- [Work order]
Nothing below is to be printed except the lines between the line holding "Young group of" and the line holding "#PeterBogdanovich #OneHandshakeAway #GuillermodelToro", inclusive, each exactly as it appears.

- [Entries provided]
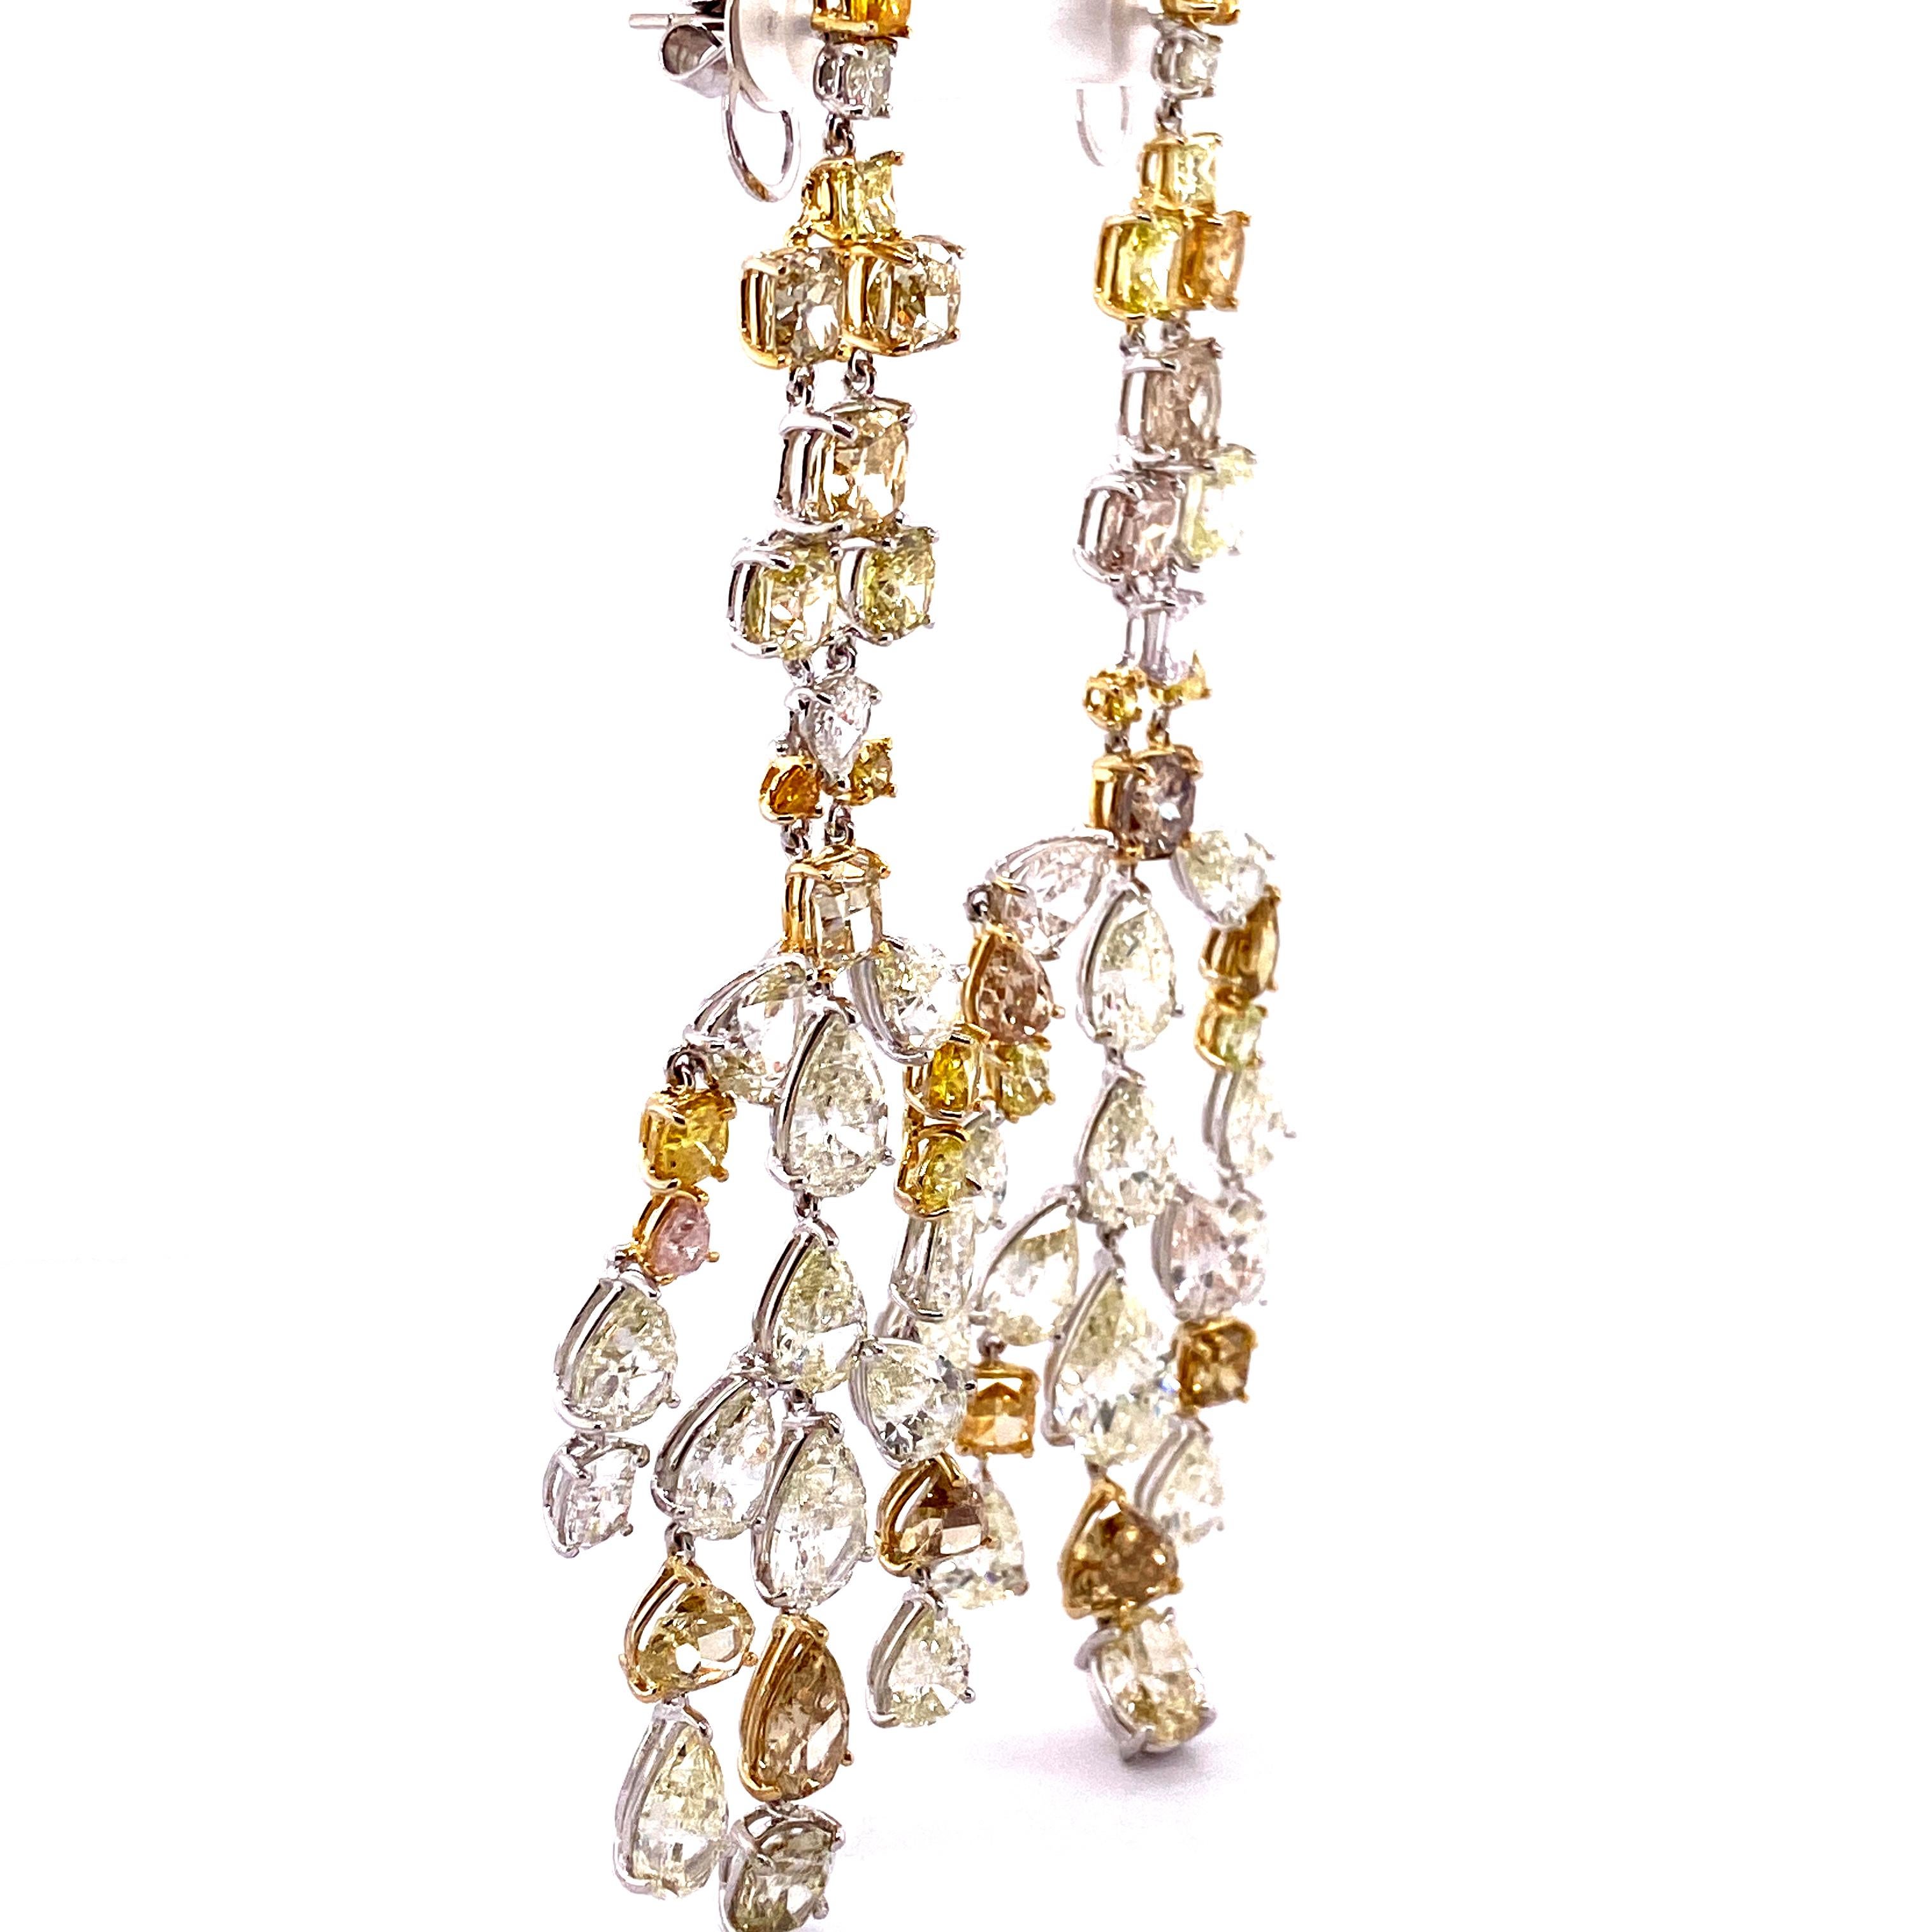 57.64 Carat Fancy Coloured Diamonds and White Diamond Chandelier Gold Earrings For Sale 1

...

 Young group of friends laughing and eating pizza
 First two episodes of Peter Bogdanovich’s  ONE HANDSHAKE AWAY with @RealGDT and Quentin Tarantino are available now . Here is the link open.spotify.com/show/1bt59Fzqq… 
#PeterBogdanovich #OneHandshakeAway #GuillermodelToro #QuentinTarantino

* * *

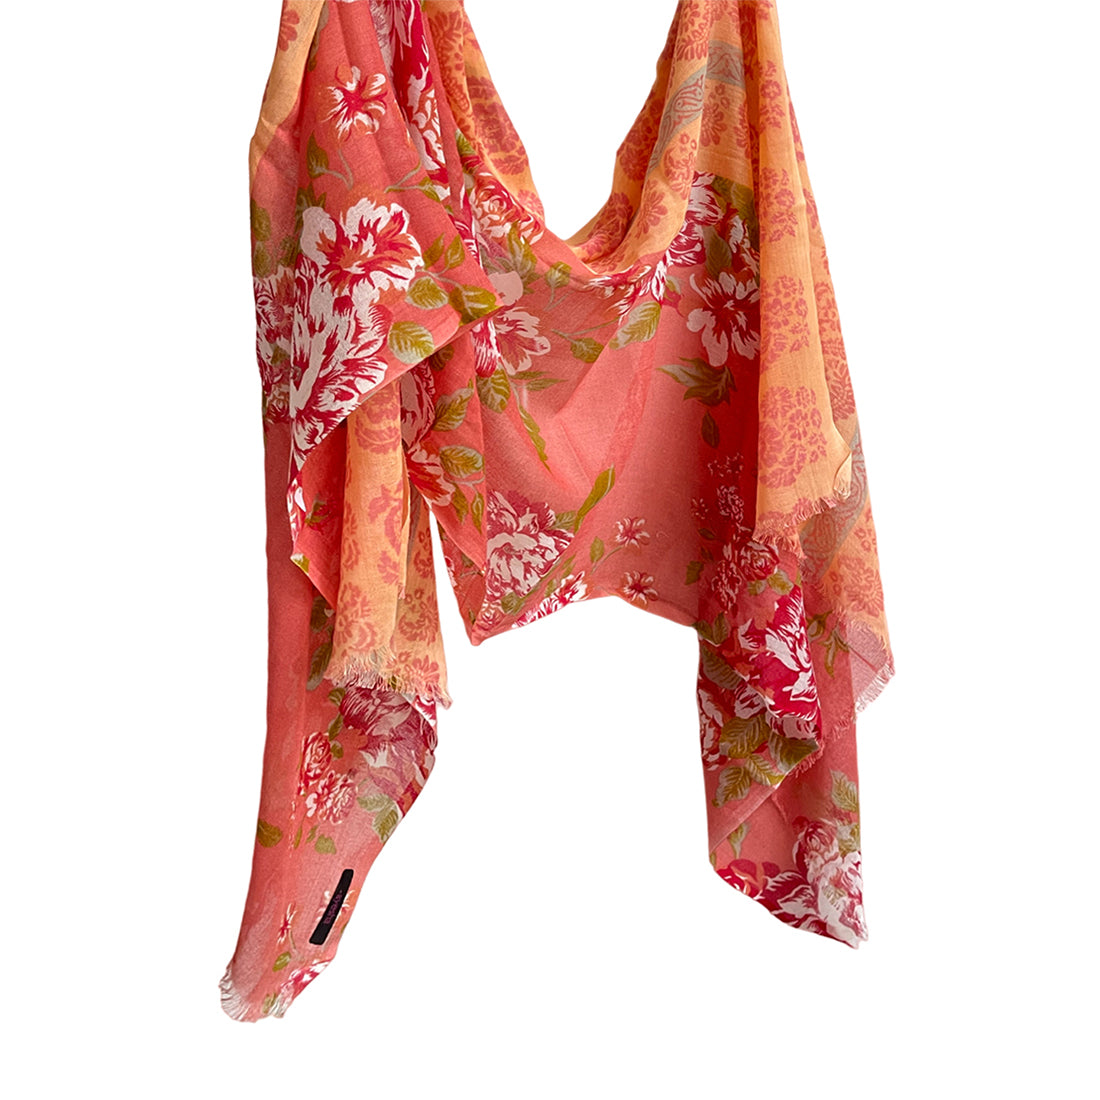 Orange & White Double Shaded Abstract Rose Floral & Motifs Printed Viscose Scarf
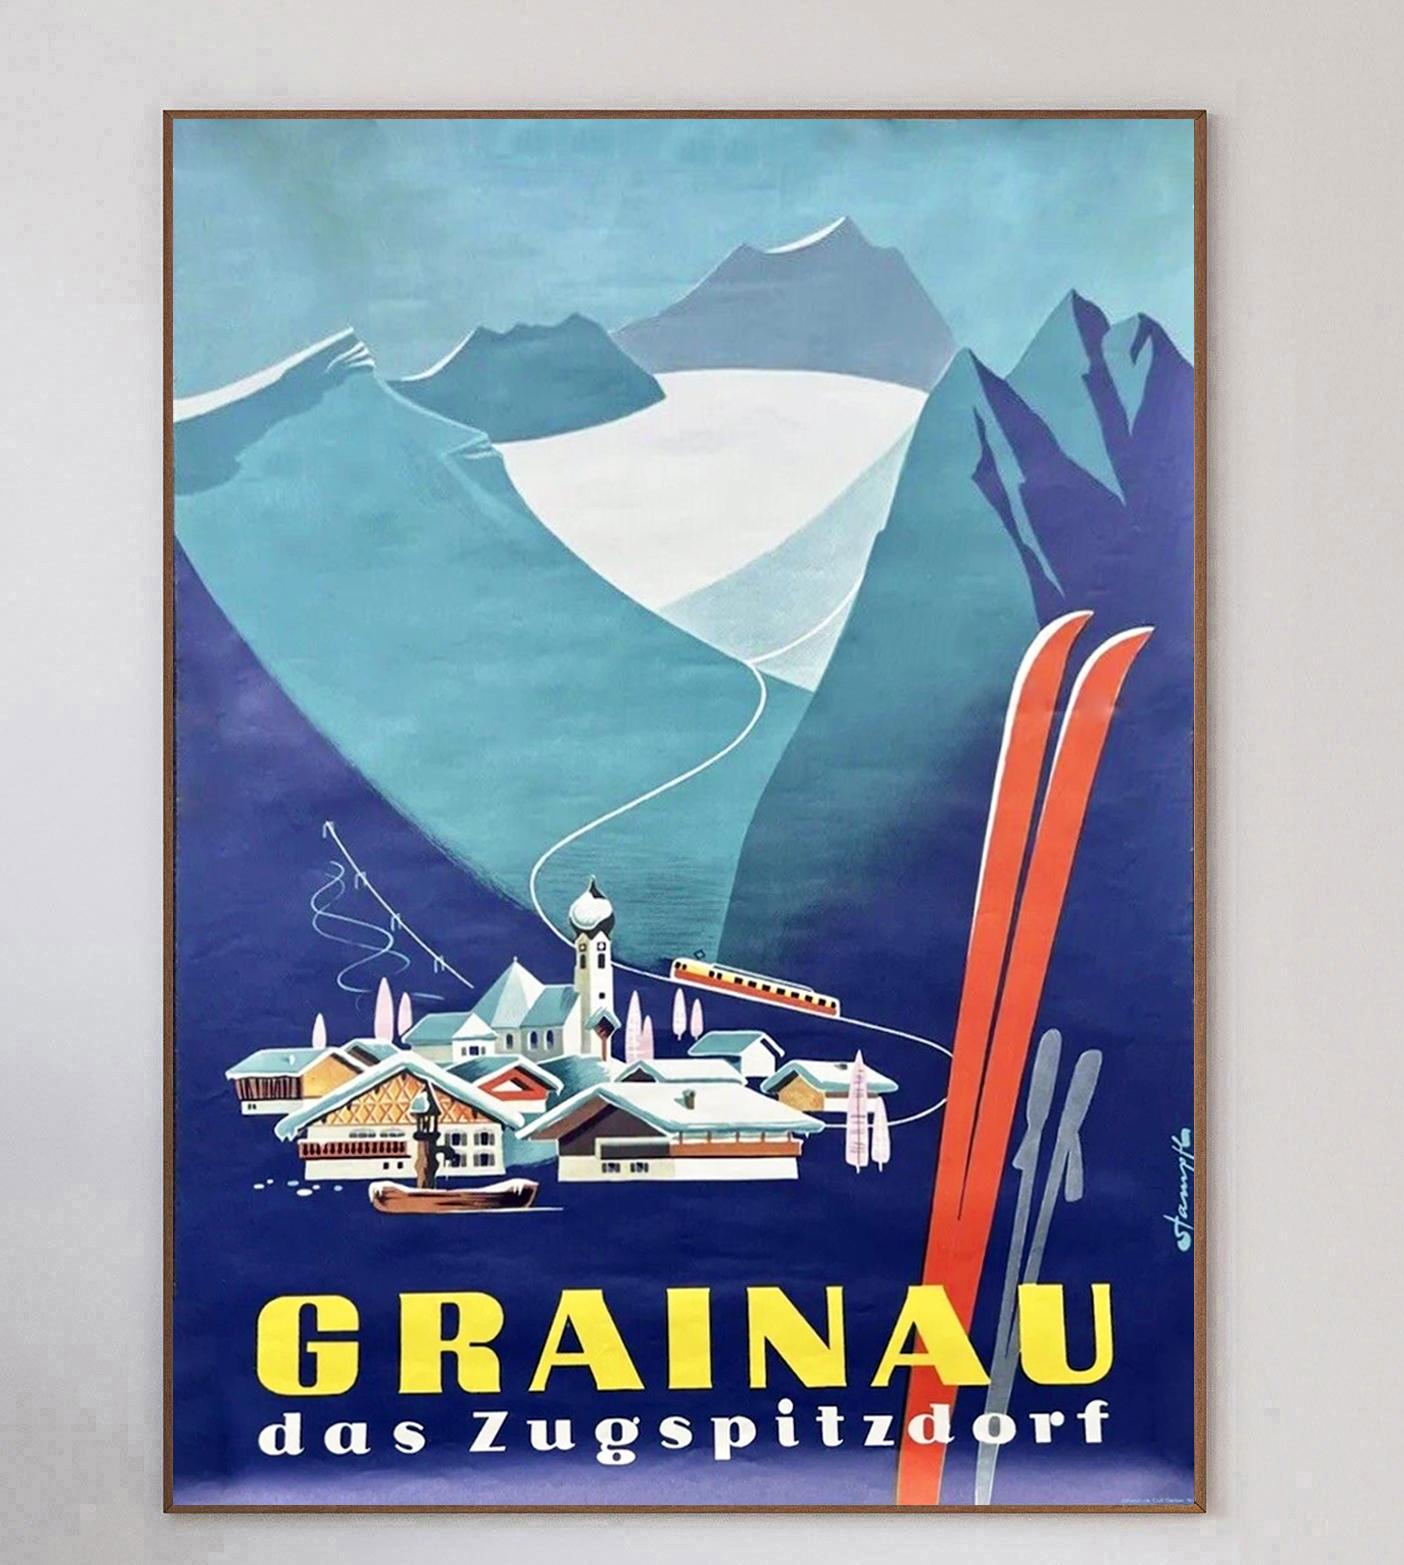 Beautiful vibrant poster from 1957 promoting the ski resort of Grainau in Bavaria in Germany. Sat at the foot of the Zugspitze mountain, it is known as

- [Answer section]
 Young group of friends laughing and eating pizza
 First two episodes of Peter Bogdanovich’s  ONE HANDSHAKE AWAY with @RealGDT and Quentin Tarantino are available now . Here is the link open.spotify.com/show/1bt59Fzqq… 
#PeterBogdanovich #OneHandshakeAway #GuillermodelToro #QuentinTarantino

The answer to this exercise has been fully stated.